Sólo este segundo dato es el que nos permite reconocer las reales cualidades, posibilidades y límites de los niños, generadas en la interacción peculiar entre su proceso de desarrollo y las propias condiciones socio culturales en que se desenvuelve.

La segunda forma en que los educadores solemos percibir esta relación, podríamos calificarla de voluntarismo ético porque se limita a denunciar el perjuicio que las circunstancias sociales y familiares estarían ocasionando al desarrollo de los niños de manera casi automática, contraponiendo a ella su par opuesto como un imperativo categórico de acción. En otras palabras, se reduce la percepción del ambiente a la categoría de problema, presentándolo ante las familias como zona de riesgo y como argumento para presionarlas a encaminarse a otro modelo de experiencia, considerado ideal para un desarrollo adecuado.

Este segundo enfoque, sin embargo, tampoco ayuda a recuperar una imagen más exacta del equipaje adquirido por los niños en el contexto de sus interacciones cotidianas. No miramos las otras dimensiones de su experiencia relacional, aquellas que le están ayudando a crecer, aquellas que están enriqueciendo su dotación de habilidades básicas y cualificando su saber cultural.
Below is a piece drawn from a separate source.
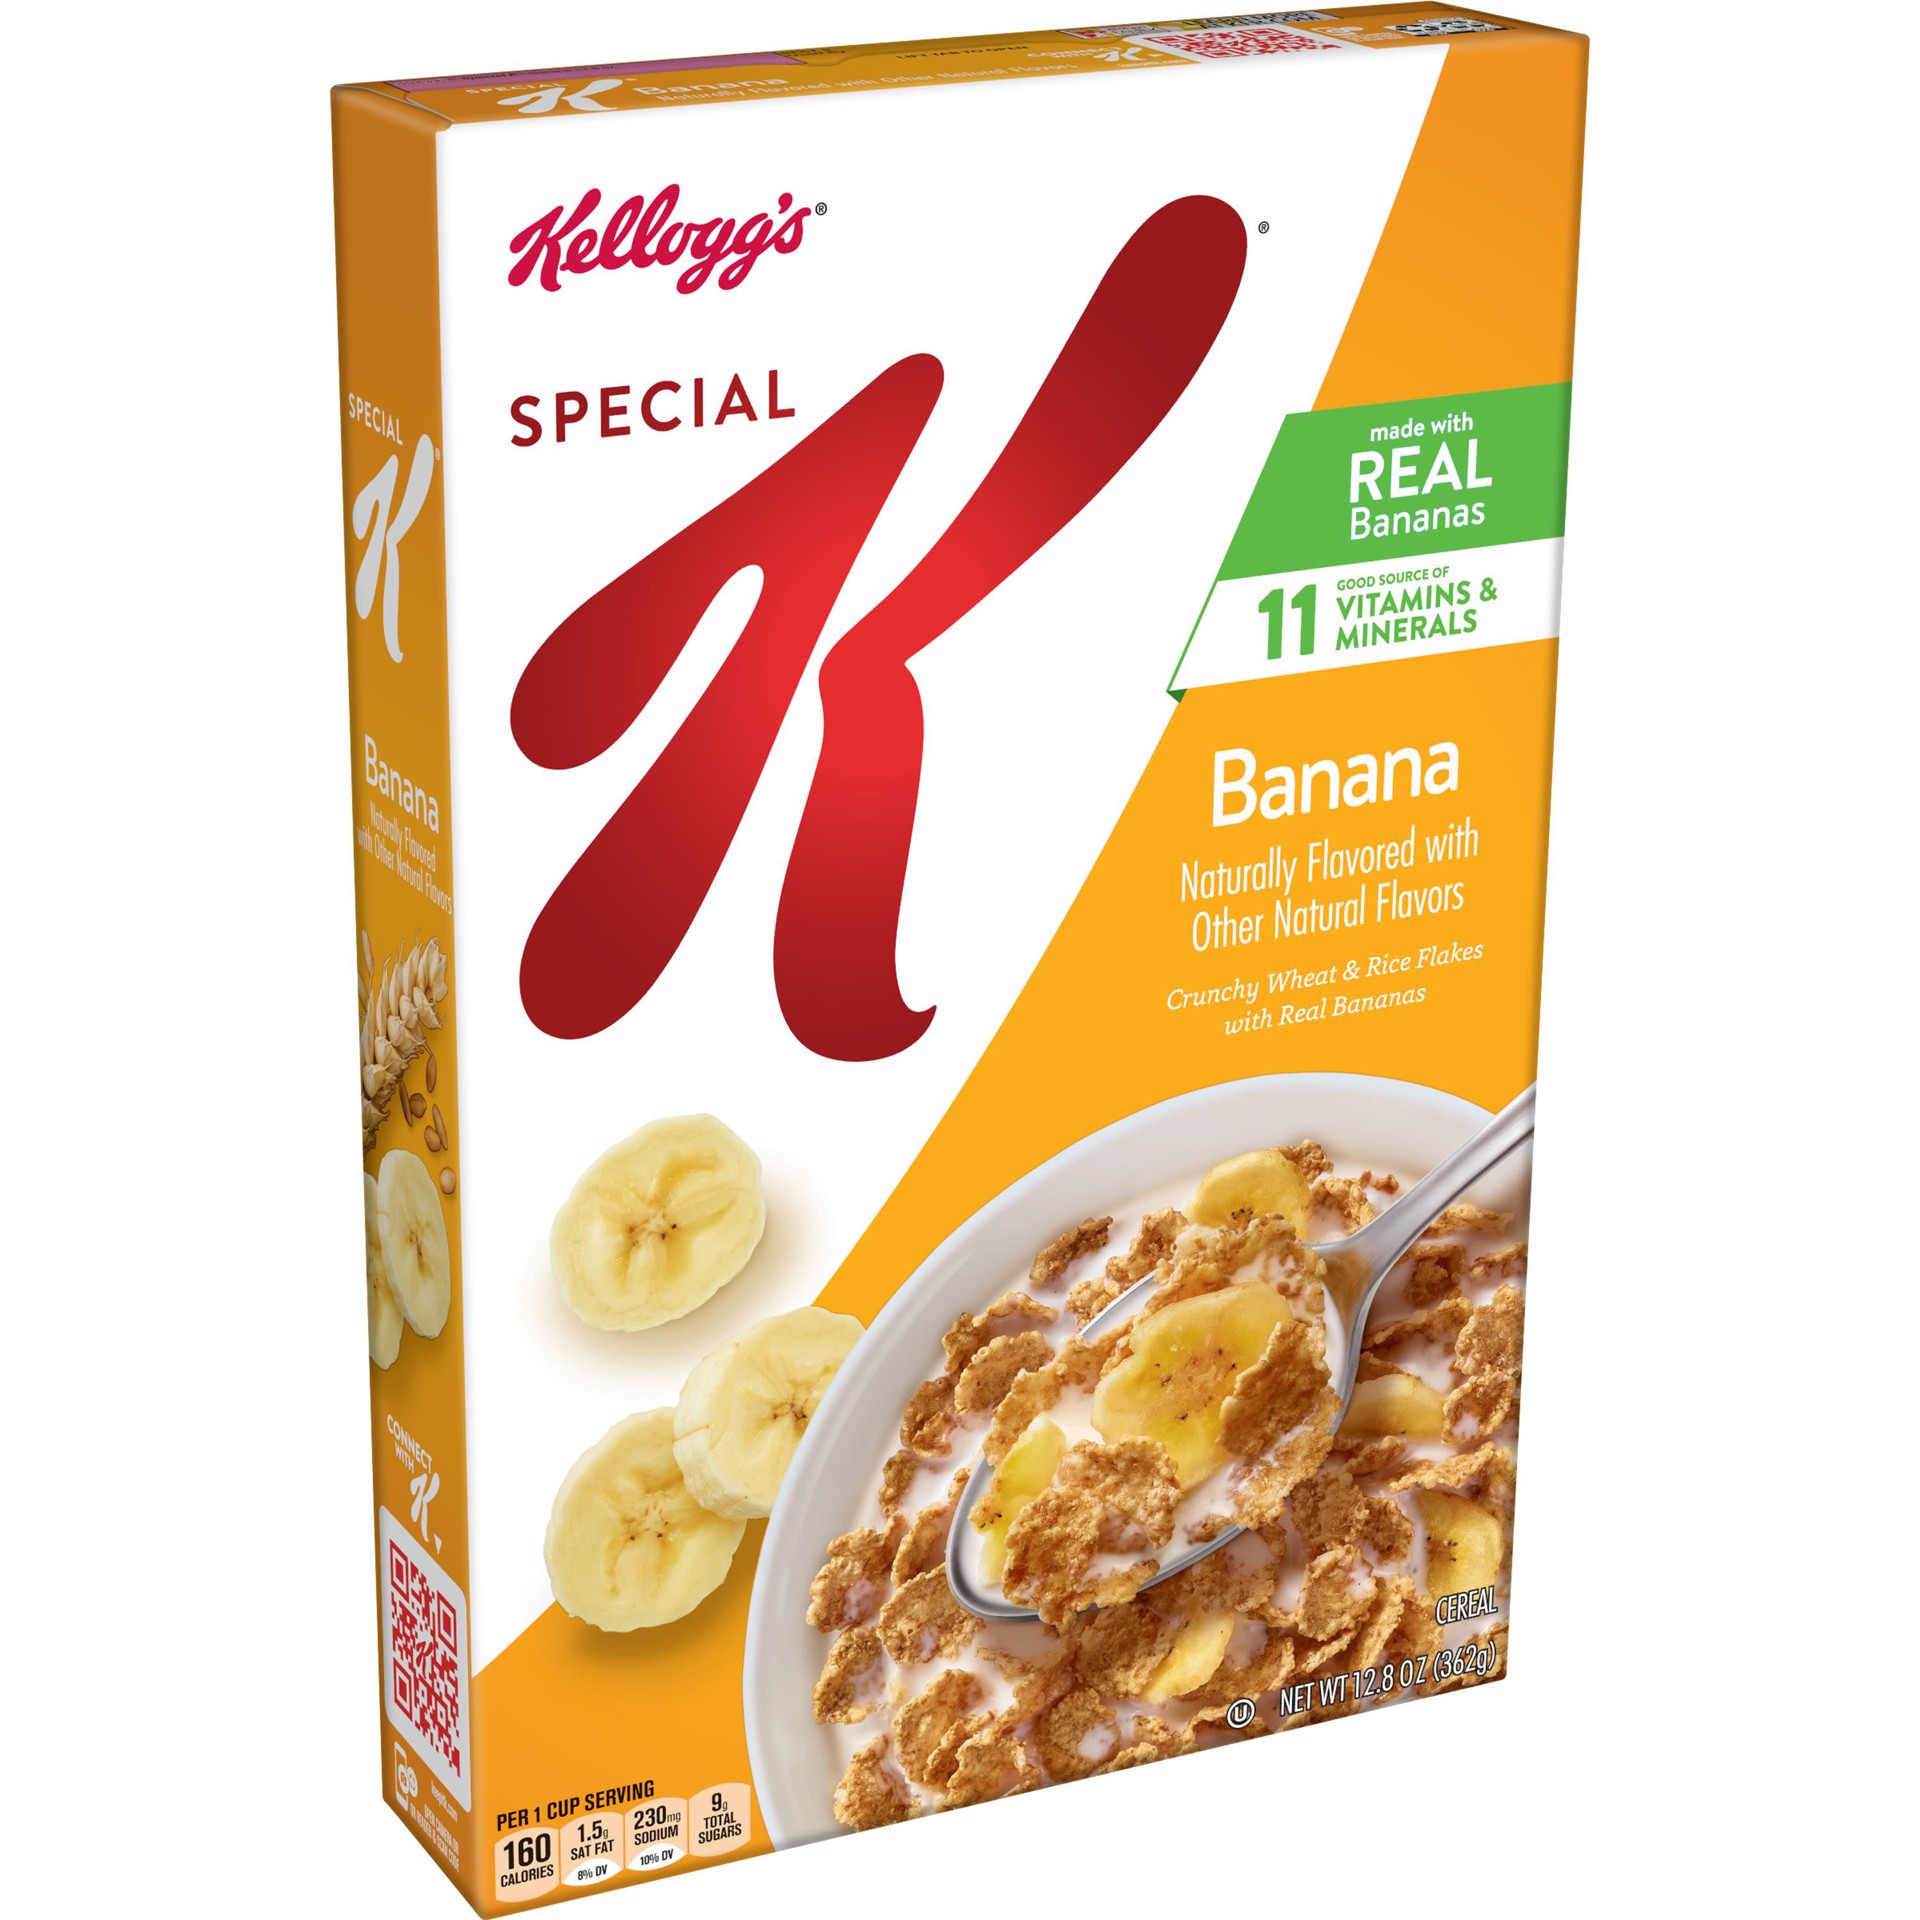 slide 1 of 5, Special K Kellogg's Special K Breakfast Cereal, 11 Vitamins and Minerals, Made with Real Bananas, Banana, 12.8oz Box, 1 Box, 12.8 oz

Más aún, al negar o desconocer su capacidad de resiliencia, tampoco sentimos la necesidad de hacer un balance de las «ganancias colaterales» que -en términos de aprendizajes vitales- puede
n estar obteniendo los niños aún al interior de sus circunstancias ambientales más conflictivas y estresantes[1].

2.- La noción del niño como persona

Durante los cinco años de preparación de la Convención de Naciones Unidas sobre los Derechos del Niño -entre 1985 y 1990 en que fue proclamada- delegados de 179 países de las más disímiles tradiciones culturales debatieron ardorosamente sobre el significado de la infancia. Hubieron delegados que «cuestionaron la eficacia de suprimir los castigos en sus más diversas formas, porque algunas de ellas estaban prescritas en los textos sagrados de sus culturas». Indudablemente, estas resistencias tenían que ver «con una percepción de la niñez como una enfermedad o debilidad transitoria... como un período sin derechos, cuya justificación es el provecho del grupo» (Basili, 1996).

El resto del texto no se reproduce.